The use of generic drugs is saving the United States healthcare system billions of dollars in spending every year, according to the latest Generic Drug Savings in the United States report by the IMS Institute for Healthcare Informatics on behalf of the Generic Pharmaceutical Association (GPhA).

In 2014 alone, the US saved a record $254 billion—an all-time high and almost $8 billion more than the previous year—bringing total savings over the last decade to $1.68 trillion.

“The facts are irrefutable: generic drugs drive enormous health care savings,” Chip Davis, GPhA president and chief executive officer, said in a statement. “This new report reinforces that generic drugs are a critical part of any solution to rising costs for patients, payers and for the entire health care system.”

Generic prescriptions accounted for 88% of drugs dispensed nationwide in 2014, but only 28% of the costs.

The report also examined generic drug savings by therapy area. The therapies targeting mental health, hypertension, and hypercholesterolemia accrued the most savings, followed by pain relief, anti-ulcerants, and antibiotics. Without generic alternatives, annual spending for these therapy areas would soar with an extra $27.9 billion for just hypertension medication itself.

Additional study findings compared generic savings by age, payer (commercially insured patients vs federal government programs), and state.

Medicines for seniors accounted for more than one-third of the total savings, and therapies for older adults accounted for the majority. Medicare saved $76.1 billion, an average of $1923 per enrollee, while Medicaid saved $33.5 billion, an average of $479 per enrollee. As a result, each state saved an average of $5 billion each.

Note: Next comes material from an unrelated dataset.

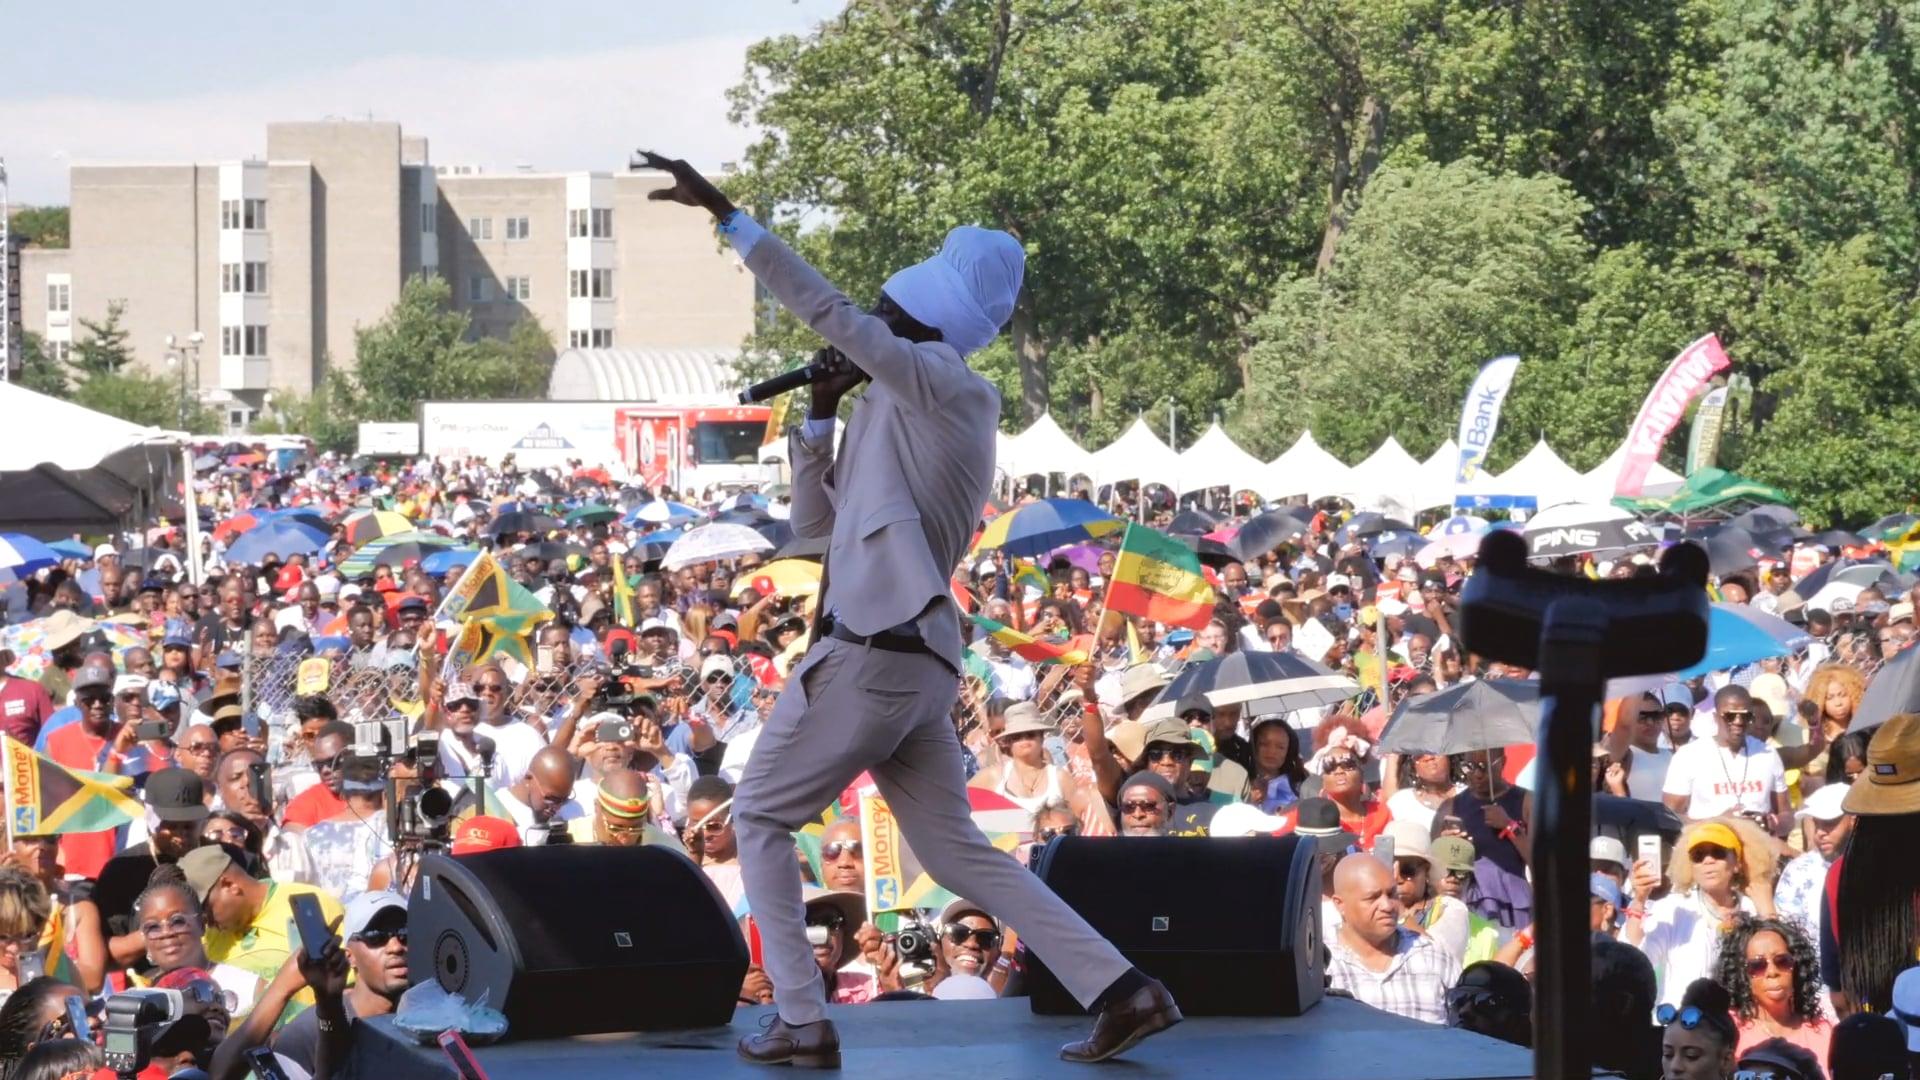 2019 Music Festival Highlight
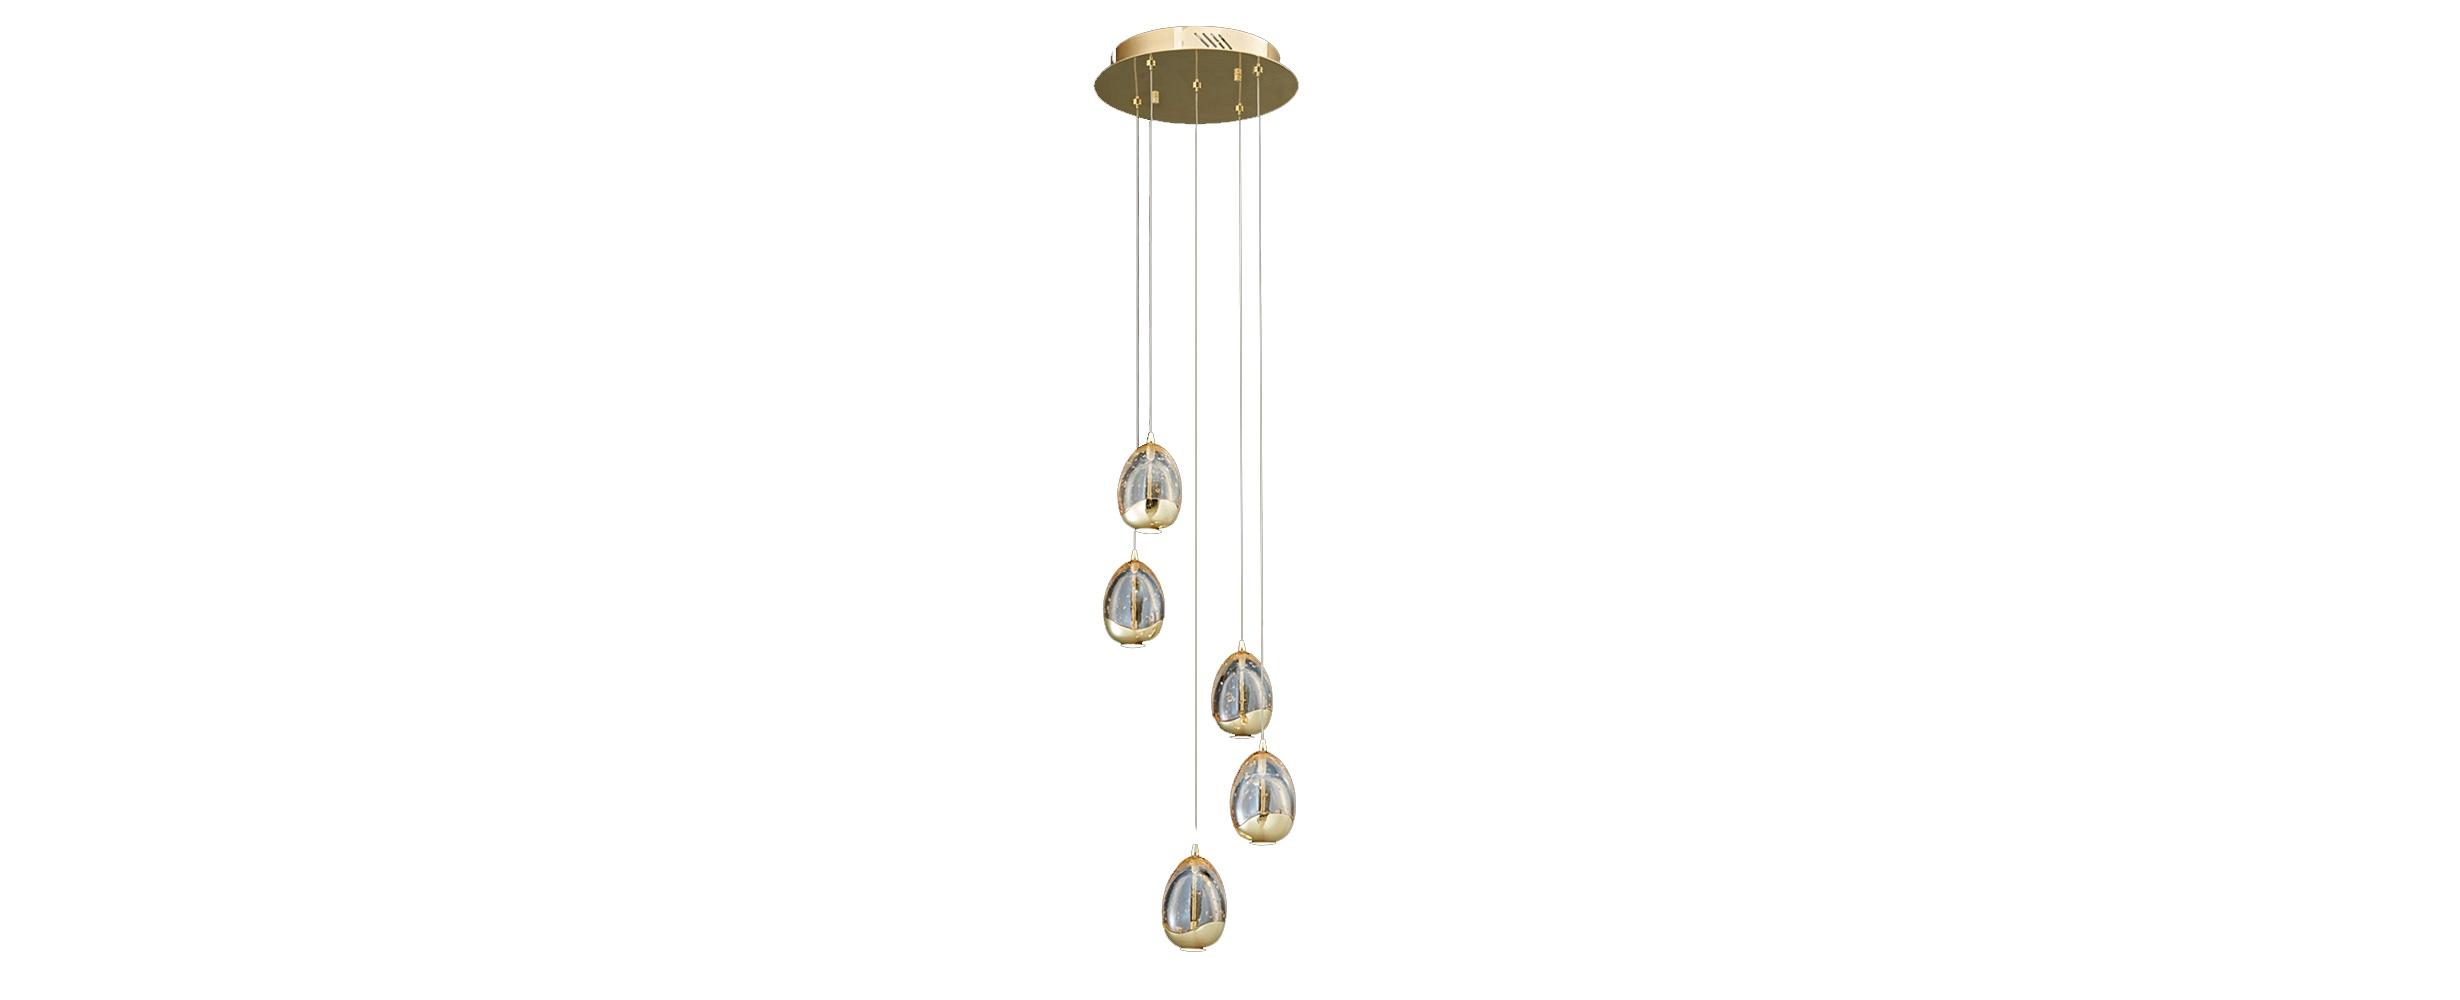 Подвесной светильник TerreneПодвесные светильники<br>Оригинальные круглые плафоны, подвешенные в шахматном порядке, создают абстрактную фигуру, в которой угадывается форма спирали. Она придает силуэту светильника элегантность и добавляет его конструкции динамизм. Несколько ламп, заключенных в объемных стеклянных элементах, мягко распространяют свет, тонущий в золотых искрах цвета шампань. Гламур и изящество, воплощенные в эклектичном дизайне такого светильника, прекрасно дополнят собой современные интерьеры.&amp;lt;div&amp;gt;&amp;lt;br&amp;gt;&amp;lt;/div&amp;gt;&amp;lt;div&amp;gt;Количество лампочек: 5.&amp;lt;/div&amp;gt;&amp;lt;div&amp;gt;Мощность: 5 x 24 Вт.&amp;lt;/div&amp;gt;&amp;lt;div&amp;gt;Тип лампы: LED.&amp;lt;/div&amp;gt;<br><br>Material: Стекло<br>Width см: 30<br>Depth см: 30<br>Height см: 150

Since data has been so favorable for the use of generics, the study proposed different strategies for maintaining and increasing generic cost savings. The most effective way to keep costs low is to increase competition in the market between generics. This can be accomplished by encouraging Congress to speed up FDA approval of generic drug applications that are awaiting regulatory action, regulating abuse by brand drug companies of programs like Risk Evaluation and Mitigation Strategies (REMS) to keep generic drugs from entering the market, and encouraging the FDA to implement policies to facilitate the approval of biosimilar products. Together, these strategies aim towards a common goal of providing American consumers with more choices in generic medications.

“Patients, taxpayers and others will find no better partner than the generic industry in efforts to reduce health expenses and promote savings and access. The best way to accomplish this is to increase competition from generic drugs,” Davis said. “GPhA will continue advocating for efforts that grow savings and eliminate barriers to patient access.”